+++ DATASET SECTION
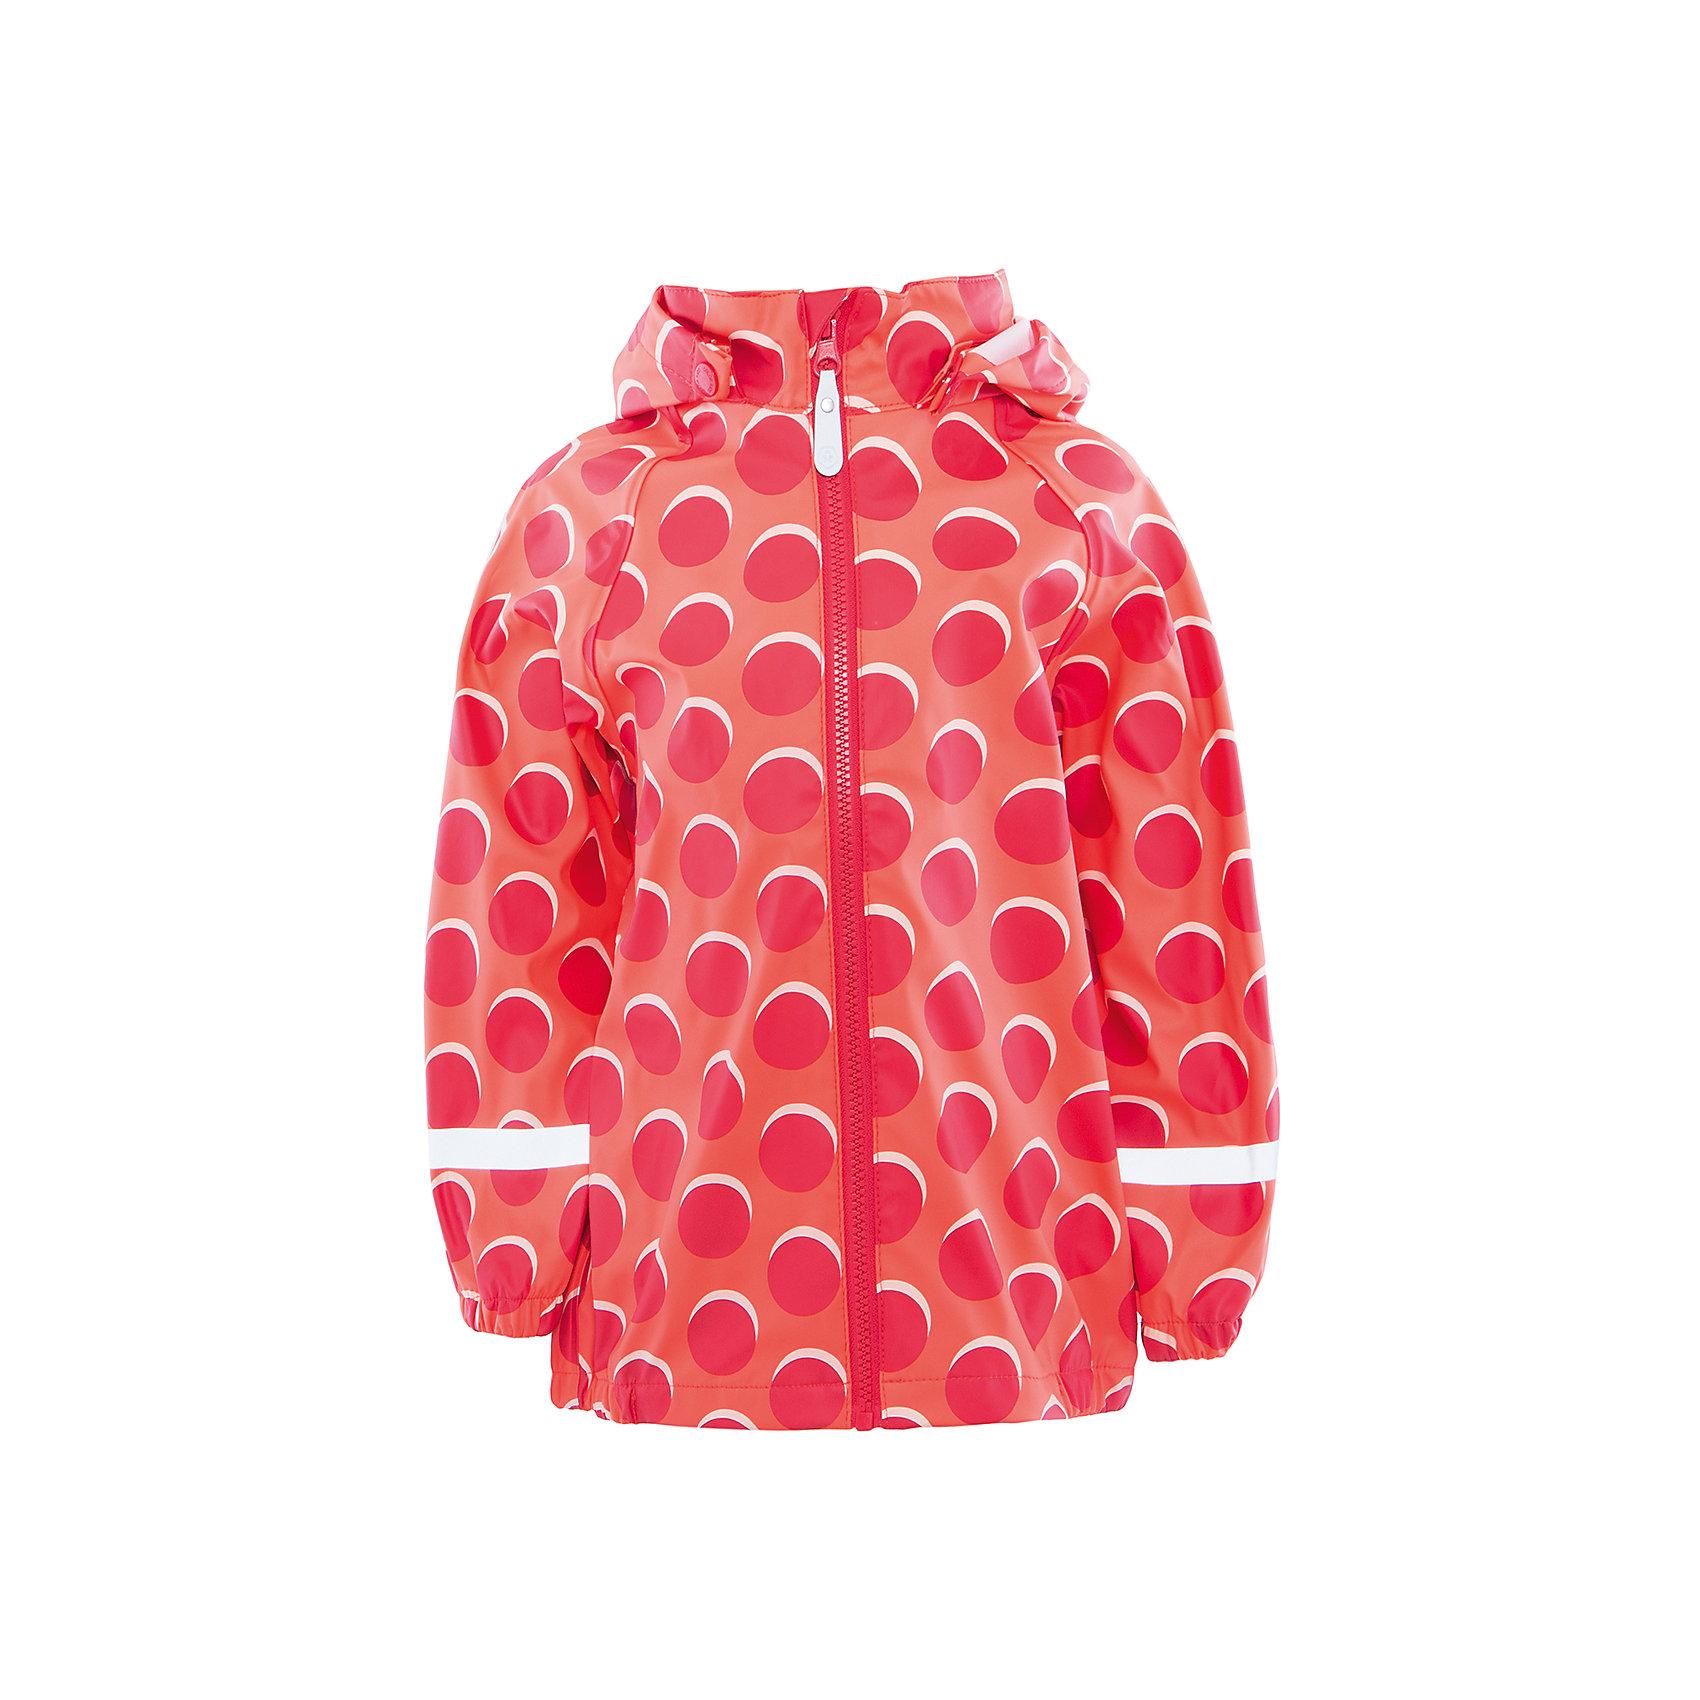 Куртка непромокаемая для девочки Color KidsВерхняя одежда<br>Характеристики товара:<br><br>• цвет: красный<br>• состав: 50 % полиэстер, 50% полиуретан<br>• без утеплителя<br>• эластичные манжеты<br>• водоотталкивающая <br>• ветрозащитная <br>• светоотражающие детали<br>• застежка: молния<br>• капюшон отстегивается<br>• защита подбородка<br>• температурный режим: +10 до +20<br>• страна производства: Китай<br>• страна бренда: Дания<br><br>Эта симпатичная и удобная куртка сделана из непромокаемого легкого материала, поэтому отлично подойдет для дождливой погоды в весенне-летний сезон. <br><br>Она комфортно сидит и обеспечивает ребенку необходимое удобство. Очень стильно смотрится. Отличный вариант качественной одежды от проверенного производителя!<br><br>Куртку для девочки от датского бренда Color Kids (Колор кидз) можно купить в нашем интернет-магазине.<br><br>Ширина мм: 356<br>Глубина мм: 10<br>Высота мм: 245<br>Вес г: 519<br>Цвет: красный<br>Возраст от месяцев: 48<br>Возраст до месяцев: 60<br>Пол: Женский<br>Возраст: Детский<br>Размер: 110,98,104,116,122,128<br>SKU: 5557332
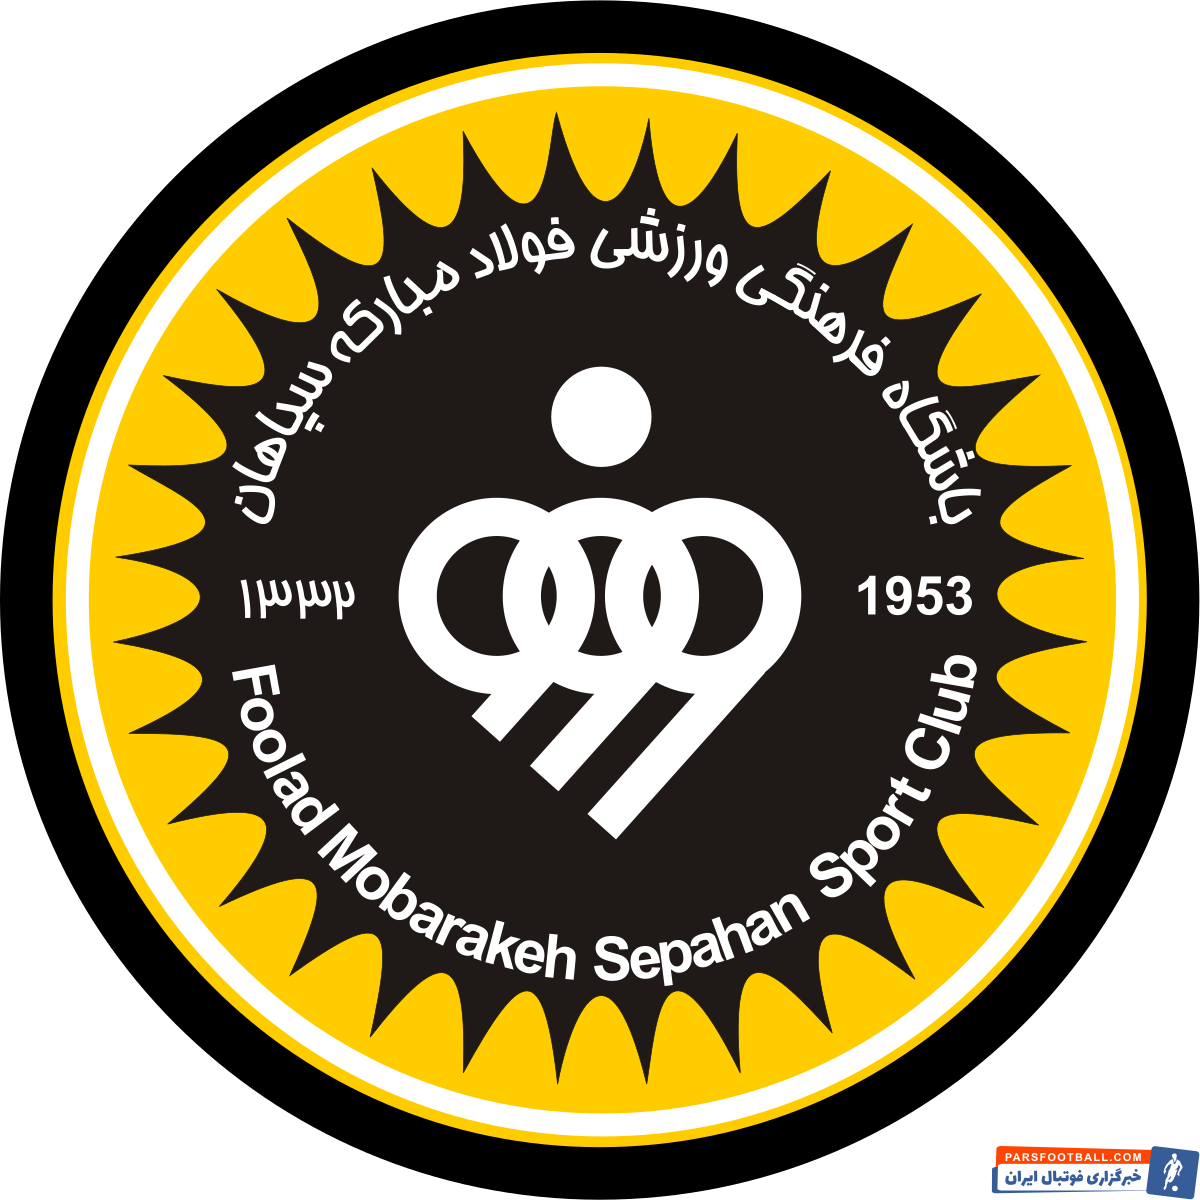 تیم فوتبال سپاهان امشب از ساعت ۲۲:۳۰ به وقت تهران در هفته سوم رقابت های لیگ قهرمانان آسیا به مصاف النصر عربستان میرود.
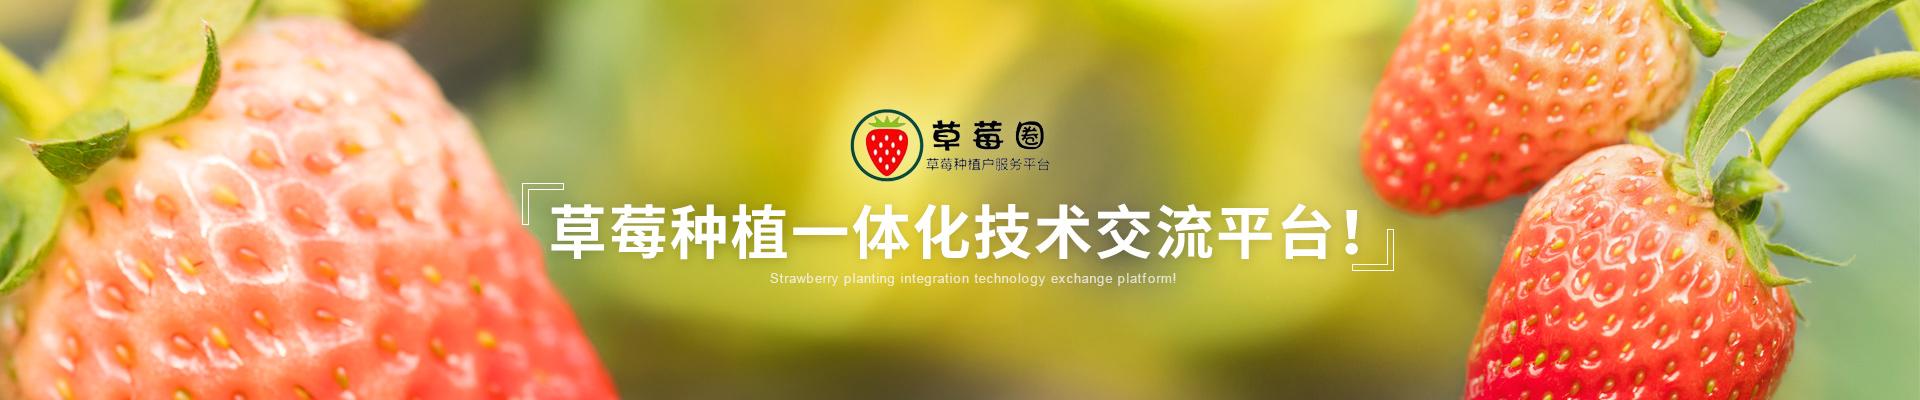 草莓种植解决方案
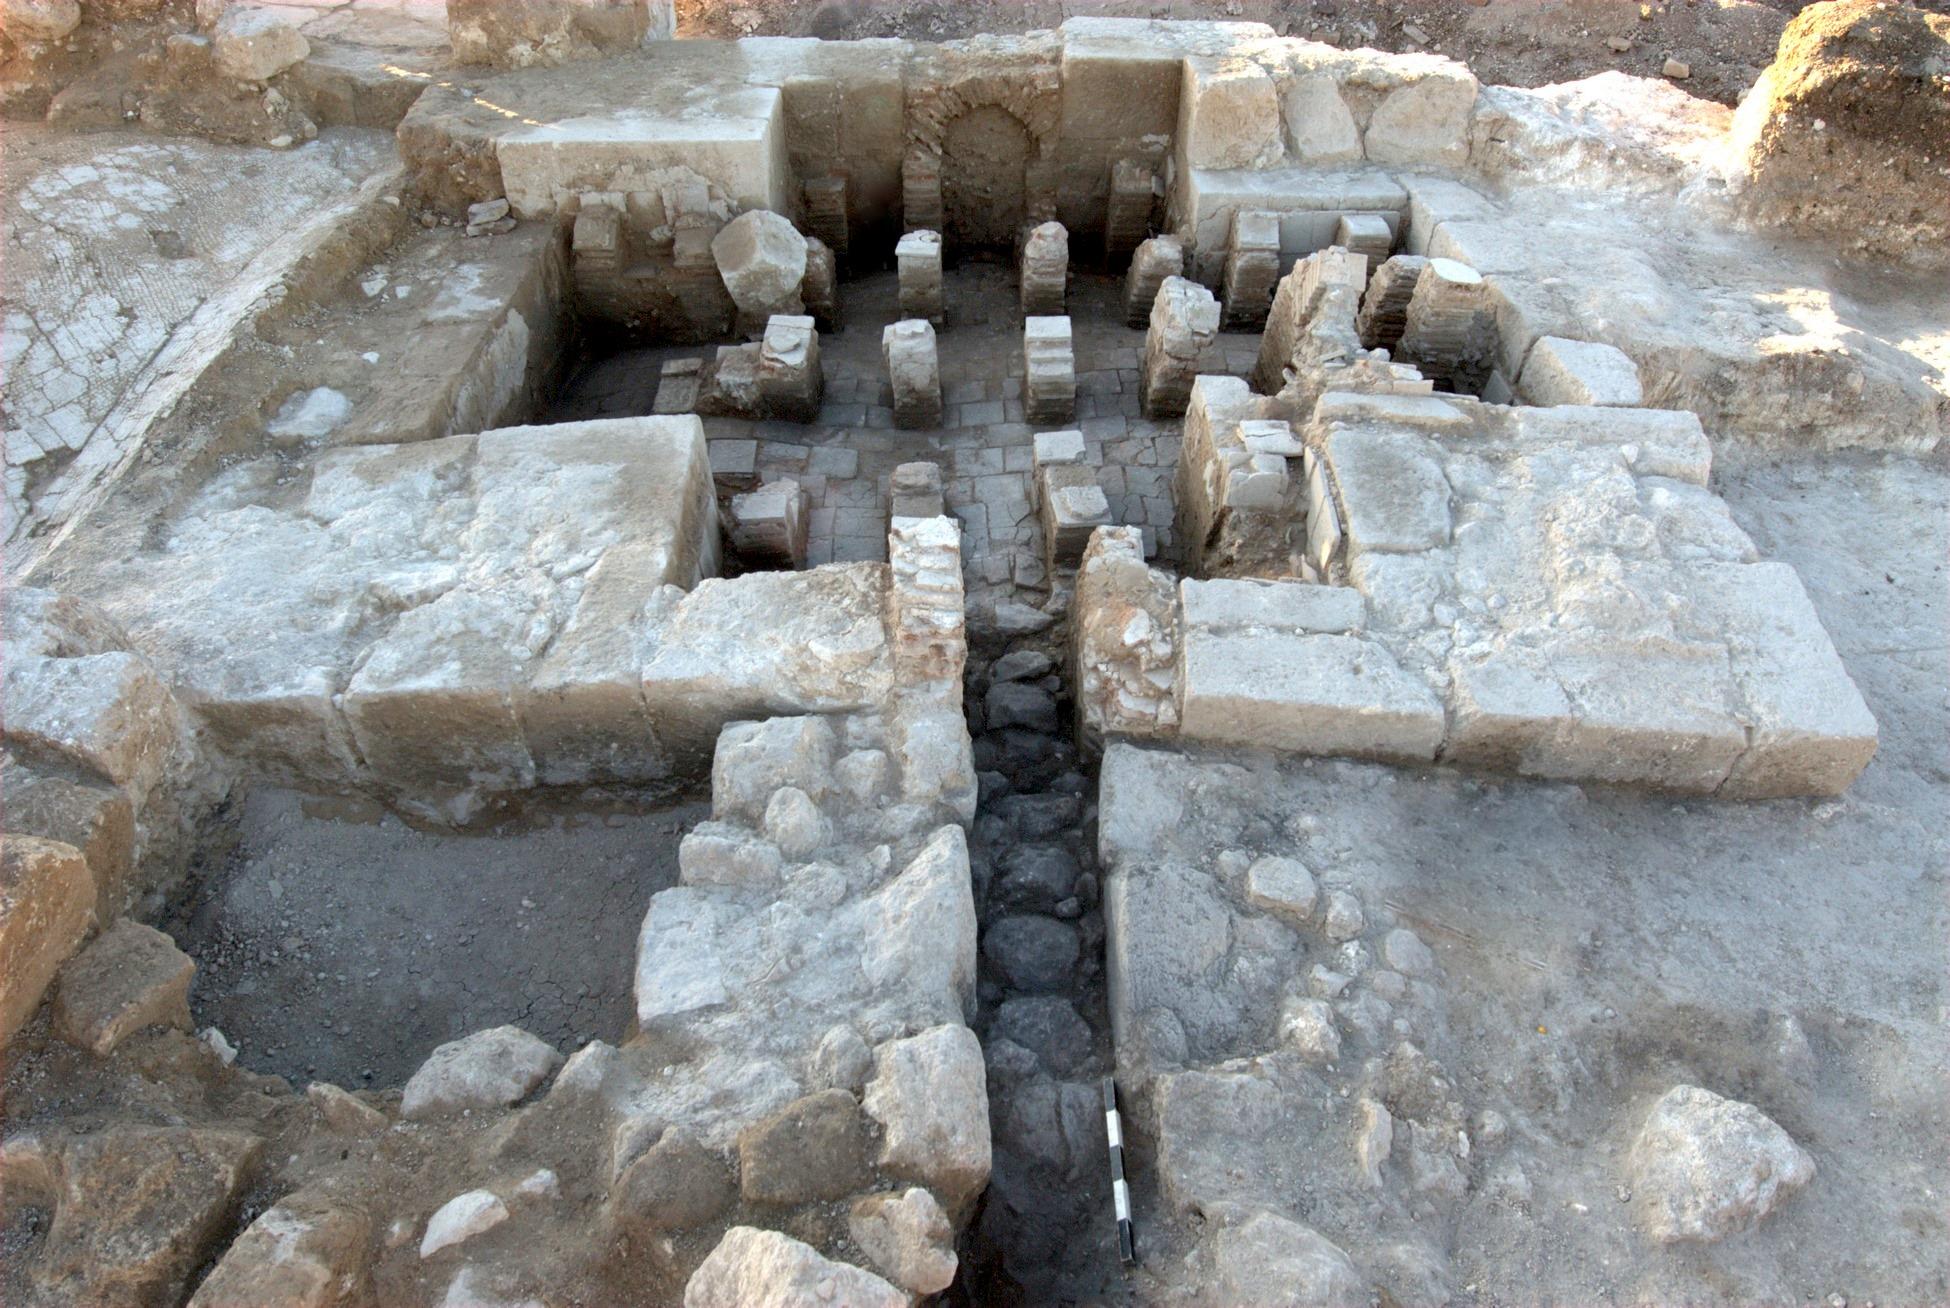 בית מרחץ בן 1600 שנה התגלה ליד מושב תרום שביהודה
++++++
## [ACTIVITY]
Print verbatim every line above, apart from the pictures.

## [WRITTEN RESPONSE]
 Куртка непромокаемая для девочки Color KidsВерхняя одежда<br>Характеристики товара:<br><br>• цвет: красный<br>• состав: 50 % полиэстер, 50% полиуретан<br>• без утеплителя<br>• эластичные манжеты<br>• водоотталкивающая <br>• ветрозащитная <br>• светоотражающие детали<br>• застежка: молния<br>• капюшон отстегивается<br>• защита подбородка<br>• температурный режим: +10 до +20<br>• страна производства: Китай<br>• страна бренда: Дания<br><br>Эта симпатичная и удобная куртка сделана из непромокаемого легкого материала, поэтому отлично подойдет для дождливой погоды в весенне-летний сезон. <br><br>Она комфортно сидит и обеспечивает ребенку необходимое удобство. Очень стильно смотрится. Отличный вариант качественной одежды от проверенного производителя!<br><br>Куртку для девочки от датского бренда Color Kids (Колор кидз) можно купить в нашем интернет-магазине.<br><br>Ширина мм: 356<br>Глубина мм: 10<br>Высота мм: 245<br>Вес г: 519<br>Цвет: красный<br>Возраст от месяцев: 48<br>Возраст до месяцев: 60<br>Пол: Женский<br>Возраст: Детский<br>Размер: 110,98,104,116,122,128<br>SKU: 5557332
 تیم فوتبال سپاهان امشب از ساعت ۲۲:۳۰ به وقت تهران در هفته سوم رقابت های لیگ قهرمانان آسیا به مصاف النصر عربستان میرود.
 草莓种植解决方案
 בית מרחץ בן 1600 שנה התגלה ליד מושב תרום שביהודה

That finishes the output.